Share this:

Data scientists, informatics professionals, engineers and High Performance Computing users will all agree that data sets are getting larger and computational requirements are growing exponentially. 

Simultaneous with this trend, cloud computing technologies and infrastructure have been transforming the IT landscape for several years now and their adoption for use in High Performance Computing tasks is well under way.

Although users and system administrators of the world’s largest supercomputers would argue that they have been engaged in cloud computing for decades, few would disagree that innovations in deployment models and hardware architectures are ushering in change.   For example, in today’s public clouds, an individual user can essentially click a few mouse buttons and spin up a machine that can rival a Top 500 supercomputer.  The challenge with this model is that provisioning and running large cloud machines is not a trivial task.  It’s also not always inexpensive.   

And what about efficiency?  Certainly cloud virtualization technology has been shown to increase efficiency from a hardware perspective, but does this hold true for large, computational HPC workloads?  

As computational scale grows, so too does the energy required to provide reasonable walltimes for a given problem and as any HPC machine operator knows, this is becoming increasingly important.  

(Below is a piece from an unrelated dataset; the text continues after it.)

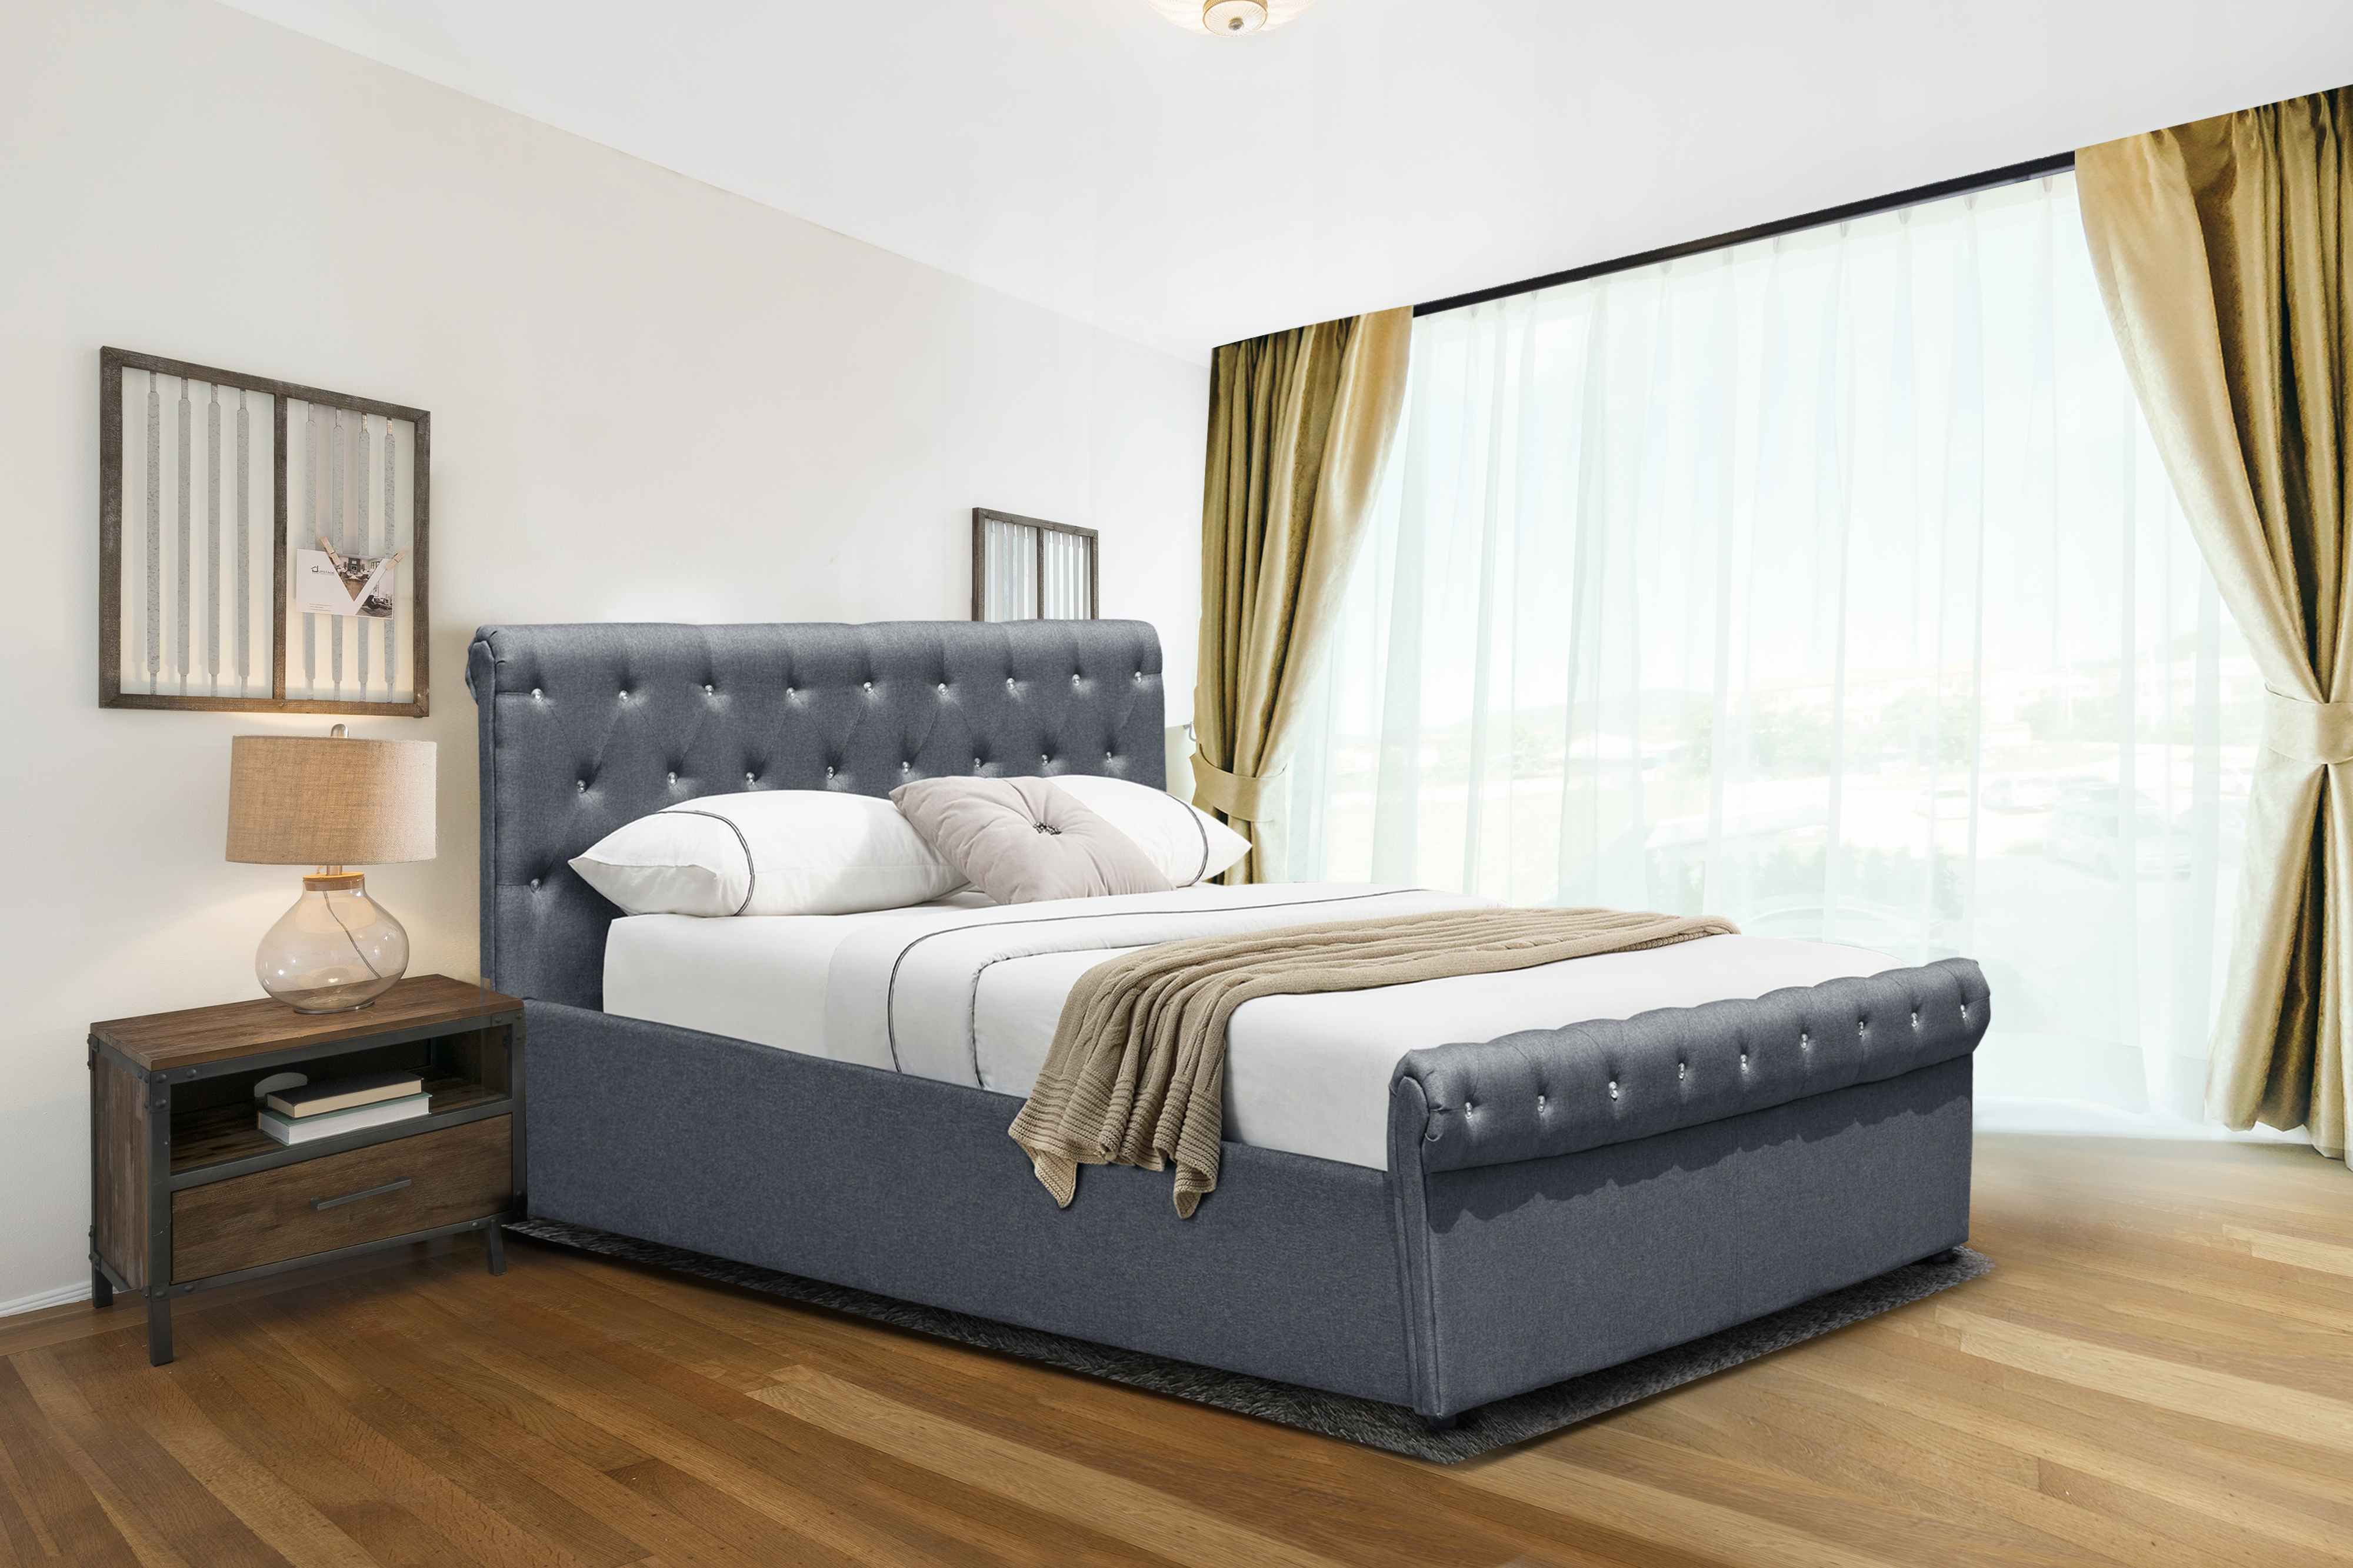 ottoman bed and mattress set

So in my view, part of managing efficiency in large scale cloud HPC workloads is balancing between minimizing walltimes and reducing the energy required to do so.   Nimbix achieves this by operating a public cloud supercomputer that leverages hybrid accelerators running optimized applications designed for high throughput computing.   The other important component of efficiency is reducing the “time to run” applications.  Energy expenditure should be minimized in the setup and configuration of public cloud resources.   This can be addressed by building a web service around the workload, not the machines.  Having a web service designed around the application and data, much like Salesforce, Intuit and SaaS models in general, also makes cloud supercomputers much easier to consume as a service.

To further illustrate this concept, I refer to my favorite line from the summer blockbuster film, “Avengers,” where character Tony Stark (Ironman) is busy to solving a big computational problem.  He makes a reference to a [cloud supercomputer] where he could “clock” his job “around 600 teraflops” to get his computation done quickly.   It is precisely this picture of large-scale, public supercomputers that reflects my own view of the future of cloud-based supercomputing.